### MATERIAL SHOWN
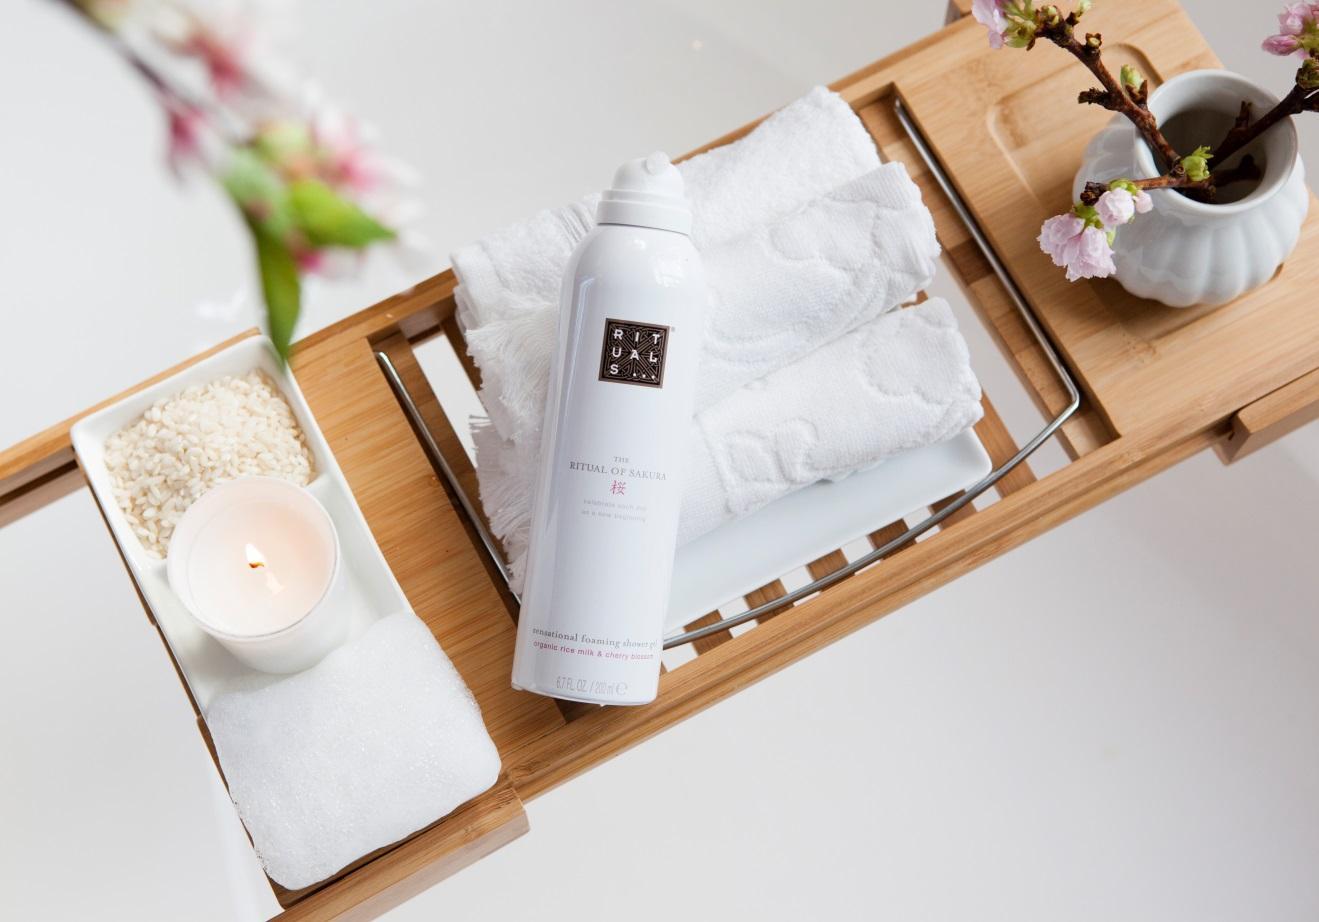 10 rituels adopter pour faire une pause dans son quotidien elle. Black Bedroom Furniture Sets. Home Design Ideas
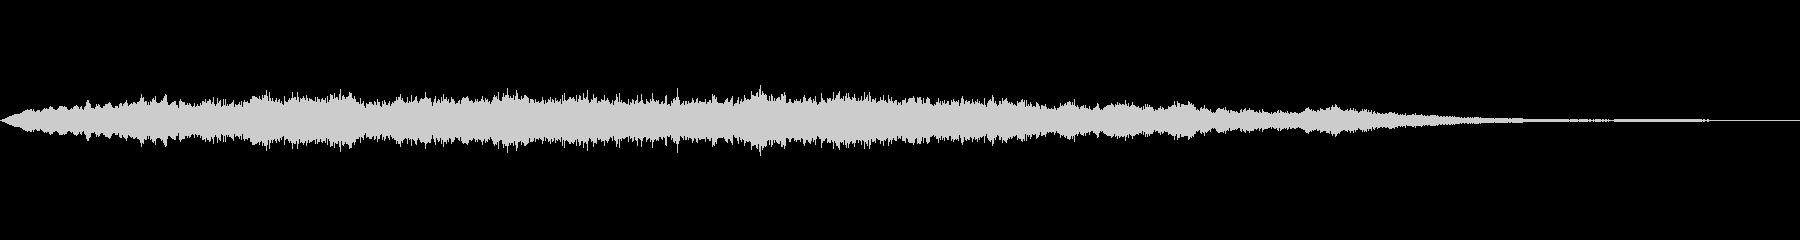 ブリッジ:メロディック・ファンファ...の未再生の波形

---

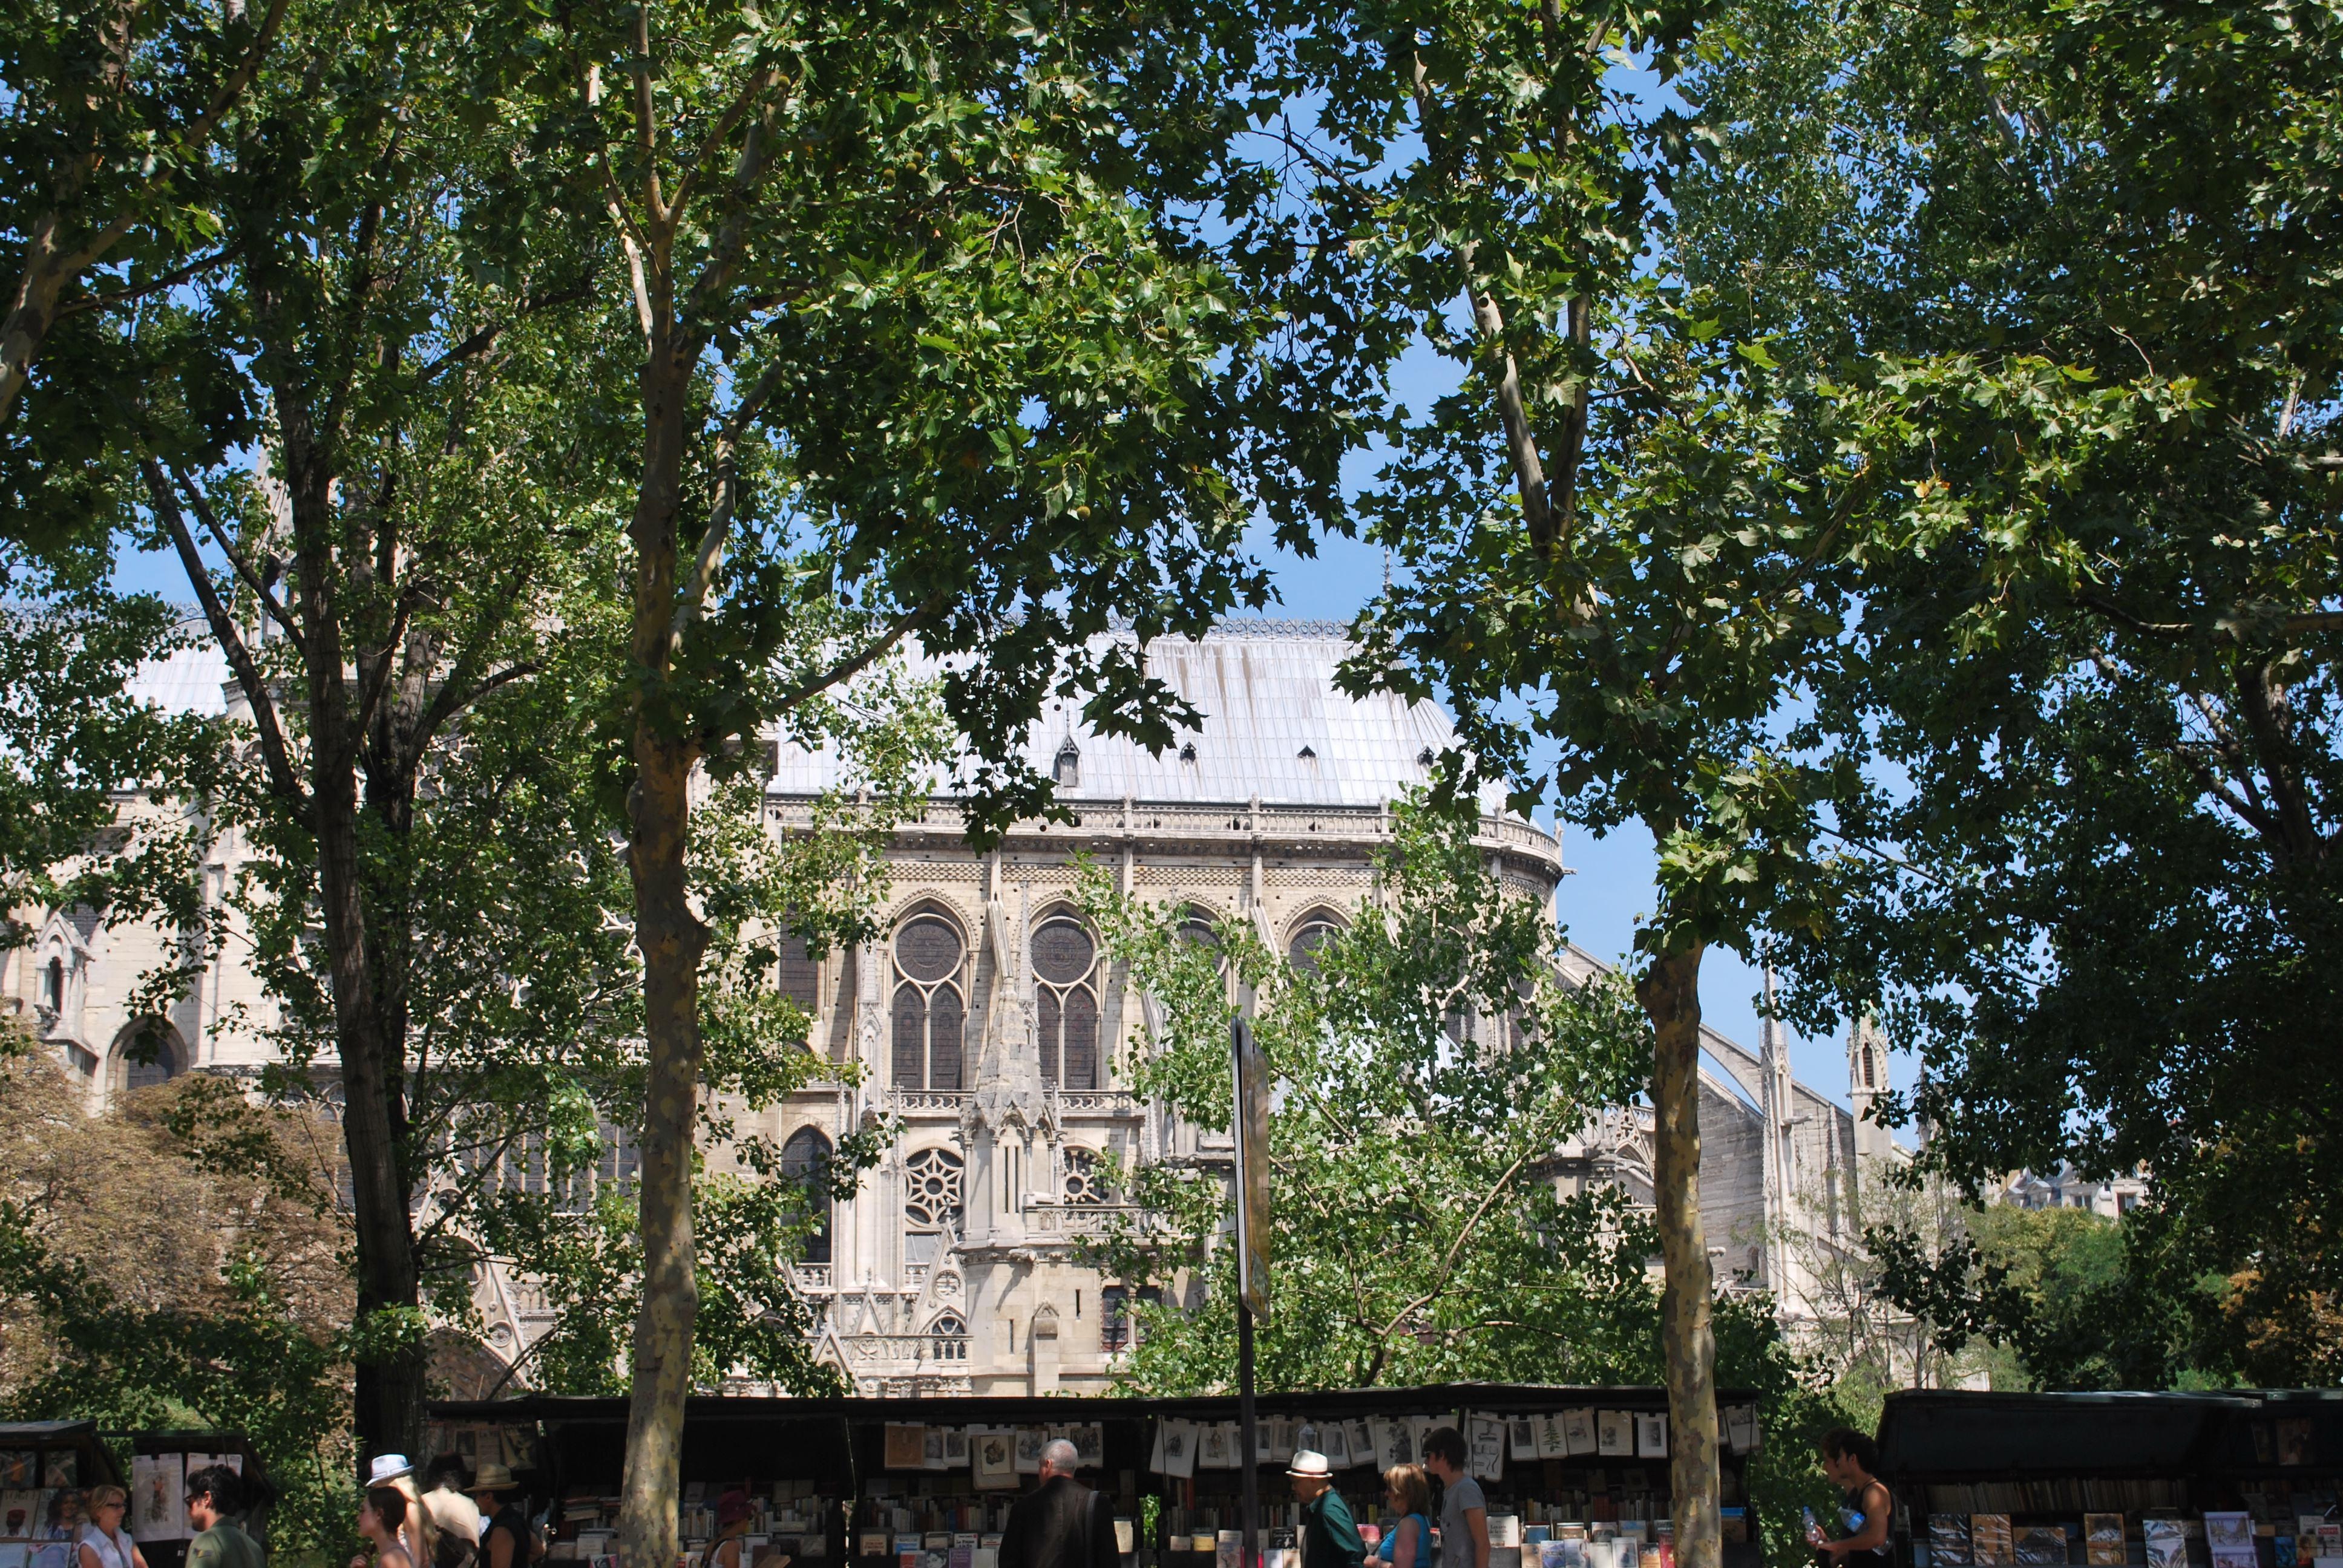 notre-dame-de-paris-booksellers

### WORK ITEM
From the line with "10 rituels adopter" up to and including the line with "ブリッジ:メロディック・ファンファ...の未再生の波形" above, retype every line exactly and nothing more; leave out the pictures.

### THE COMPLETED TASK
 10 rituels adopter pour faire une pause dans son quotidien elle. Black Bedroom Furniture Sets. Home Design Ideas
 ブリッジ:メロディック・ファンファ...の未再生の波形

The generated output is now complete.